Data General Nova Star Trek (Rockwell Collins vs. Vaisala SPT11A)
Erik Baigar
erik at baigar.de
Tue Apr 26 15:28:57 CDT 2016
On Tue, 26 Apr 2016, Noel Chiappa wrote:
> I am absolutely, completely, blown away. This has got to be one of the most
> amazing projects I have ever come across. I'm utterly awed by the work you
> did to reverse engineer this thing.
>
> Everyone should check out this site - especially the detailed time-line
Thanks for the compliment - great to hear, that you like
the projects. It is/was not only great learning technically
but also getting in touch with intersting people during the
recent years. I visited the UK three times with a bias
towards meeting old hands from the dawn of airborne
computing which was really exciting.
I am also fascinated that some of the old architectures (like
the Elliott 900 which emerged in 1961) probably still serve
today after 50+ years (e.g. in Tornado's auto pilot or some early
B747-100s).

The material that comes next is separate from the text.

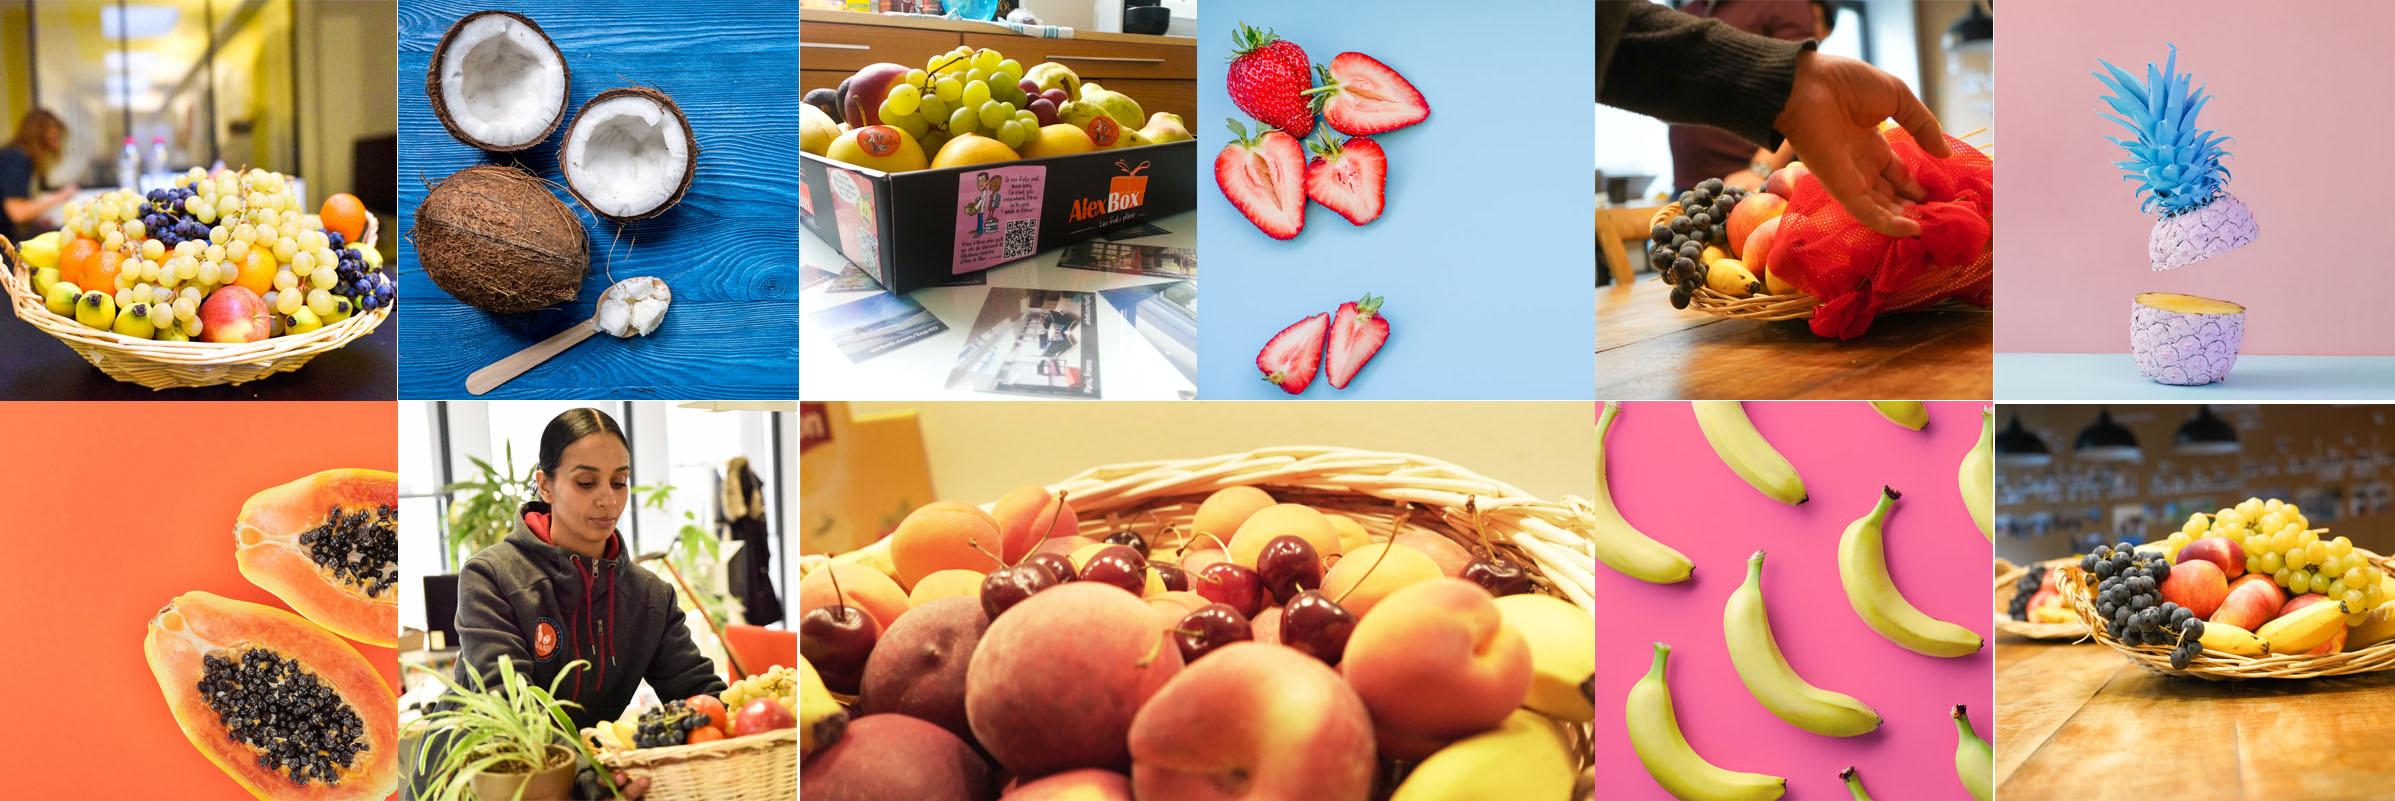 Service de livraison de corbeilles de fruits au bureau pour les entreprises à Paris

I do not think any iWHATEVER will last longer than
20 years ;-) I think those exotic architectures/items are worth
beeing preserved and documented - especially as no one else is
taking care of them as e.g. is done for PDPs, Apples, HPs etc.
On the world there is probably only my 12 bit freely programmable
Elliott 900 still alive, I know of as little as 6 Rolms (privately
owned, all variants) and less than 5 of the inertial navigators.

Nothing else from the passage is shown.